The other victims were named by WAFB-TV as: Ian E. Biggs, the plane’s pilot, age 51; Robert Vaughn Crisp II, age 59; Gretchen D. Vincent, age 51; and Michael Walker Vincent, age 15. Stephen Wade Berzas, 37, was a passenger in the plane but survived and was taken to the hospital. Crisp, Berzas, and Biggs were all affiliated with a Lafayette company named Global Data Systems, and Vincent and Michael were the wife and son of that company’s president. You can see a roundup of tributes to each victim here.
AP reported that the plane clipped a power line at an apartment complex before crashing. According to WAFB-TV, the aircraft was a “Piper Fixed Wing Multi-Engine aircraft.” That station reported that the plane crashed into an open field around 9 a.m.
“The NTSB is investigating today’s crash in Lafayette, LA involving a Piper PA-31T,” the NTSB wrote on Twitter. According to KLFY, the plane was owned by Cheyenne Partners, LLC, and was headed to DeKalb-Peachtree Airport in Atlanta, Ga., but “only achieved an altitude of around 375 feet before crashing.”
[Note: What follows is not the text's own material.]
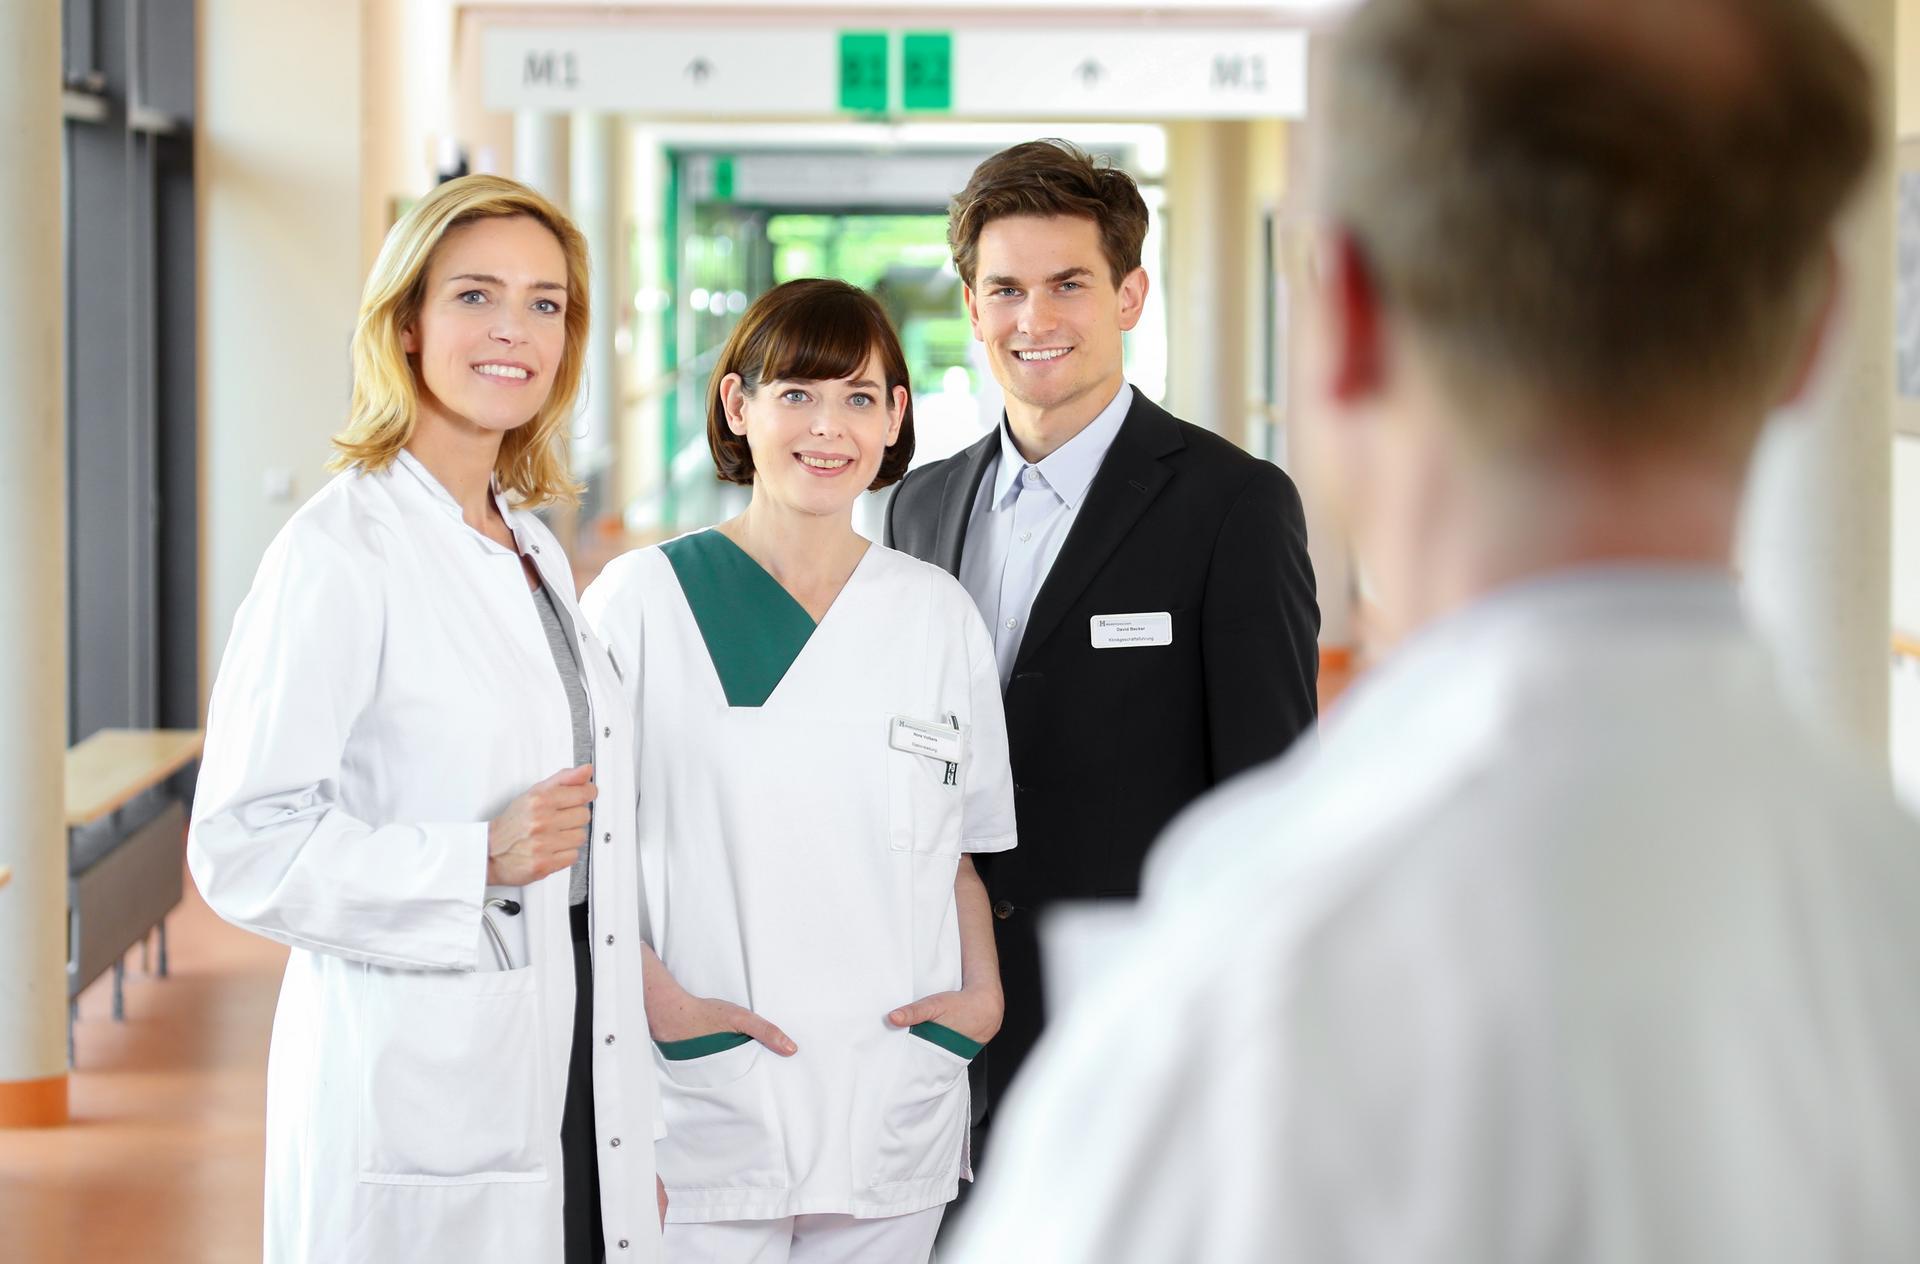 Atemberaubend Nicu Krankenschwester Ziel Wieder Aufnehmen Bilder ...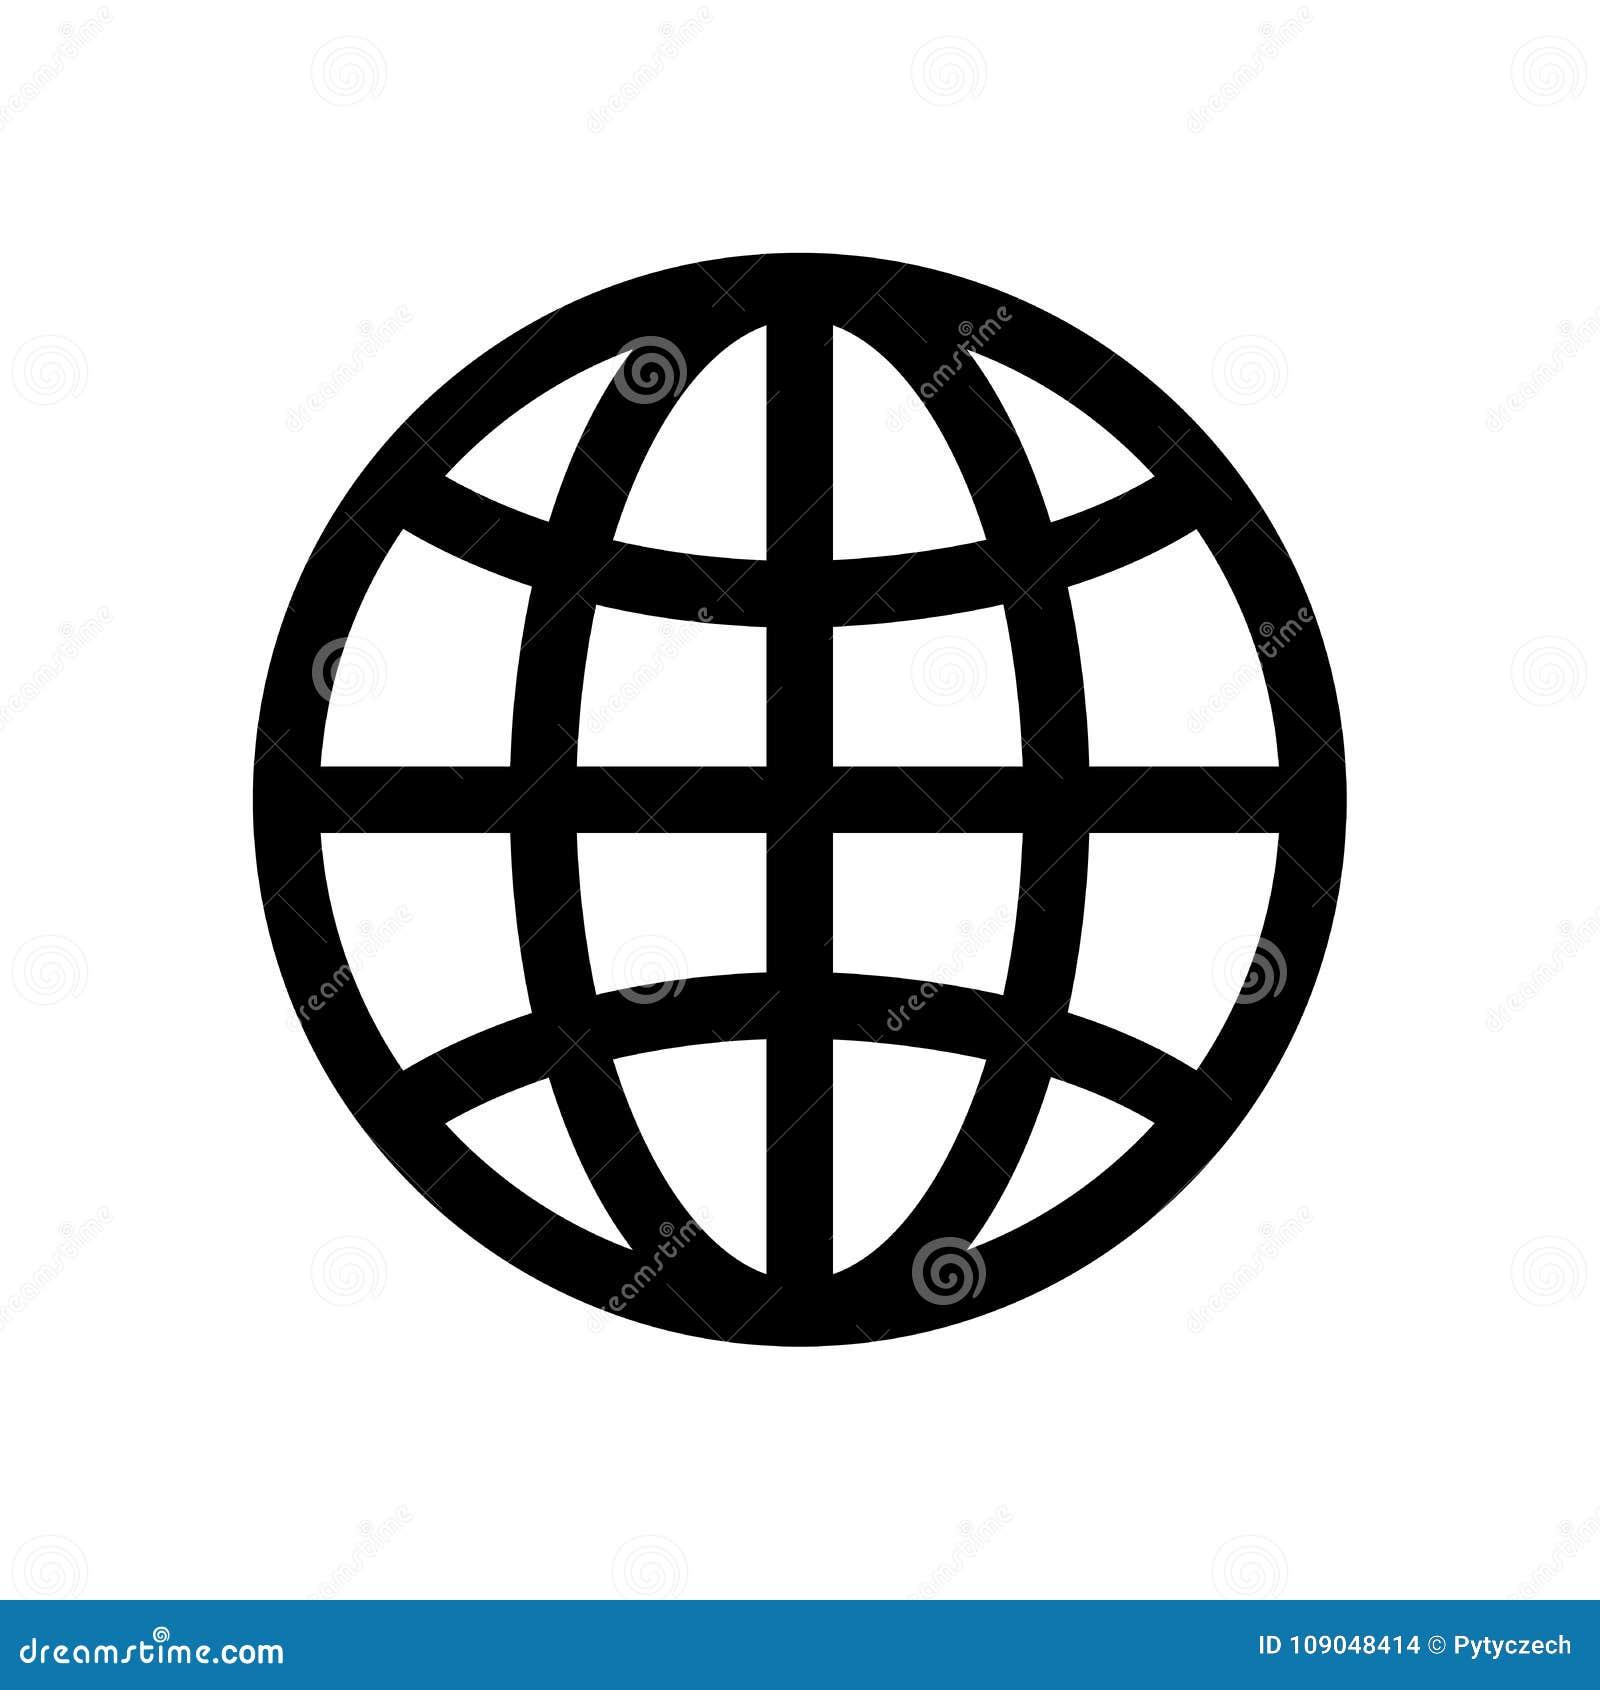 Σύμβολο σφαιρών Πλανήτης Γη ή σημάδι μηχανών αναζήτησης Διαδικτύου Στοιχείο σύγχρονου σχεδίου περιλήψεων Απλό μαύρο επίπεδο διανυ

On Facebook, Steve Ensminger Jr. filled his page with photos showing him with Carley. His page says he studied at Louisiana Tech University, went to West Monroe High School, was from Baton Rouge, Louisiana, and lived in Baton Rouge.
People filled Ensminger’s Facebook page with condolences after Carley’s death. On Twitter, Ensminger once shared a wedding photo and wrote, “I can’t say enough about this girl! I’m the luckiest man in the world to finally call her my wife! She is my world and she has my heart forever! I love you Carley! @CarleyMcCord #justmarried #happilyeverensminger.”
According to The Advocate, McCord was a “2007 St. Michael graduate and Miss Louisiana runner up for 2011 and 2012.”
She married her husband in 2018, the newspaper reported.
McCord Worked as a Freelance Sideline & Sports Reporter Who Was an In-Game Host for the New Orleans Saints
On LinkedIn, Carley gave these positions: sideline/field reporter for Cox Sports Television & ESPN, doing “In-game TV sideline reporter for professional and college sports.” She also wrote that she was “in-game host” since 2017 for the New Orleans Saints. “Host of games, information and promotions during the games. Also responsible for hosting events and community functions held within the organization,” she wrote.
In addition, she was “in-game host” for the New Orleans Pelicans. “Live arena host during game time. Responsible for hosting promotions, games and in-game information. Also responsible for hosting events held within the organization.”
For WDSU, she wrote that she was “responsible for reporting on local and national sports headlines. I work with local colleges and professional teams to provide coverage on their games and events.”
On LinkedIn, she indicated that she was previously on-air talent/reporter for Guaranty Media in Baton Rouge, where she was “co-host of “He Said, She Said” on 104.5 ESPN Baton Rouge. Mid-day host on 100.7 The Tiger.” She was a CBS Radio on-air personality in Cleveland. She worked as a co-host for NFLVR Live! for the Cleveland Browns. She was a Tiger TV Sports Showtime reporter.
As for the latter position, she wrote: “Responsible for reporting on LSU athletics. Work with producers to determine story topics. Operate cameras and shoot various LSU sporting events. Attend press conferences and practices. Interview athletes and coaches. Appear on air to analyze sport topics and deliver information.”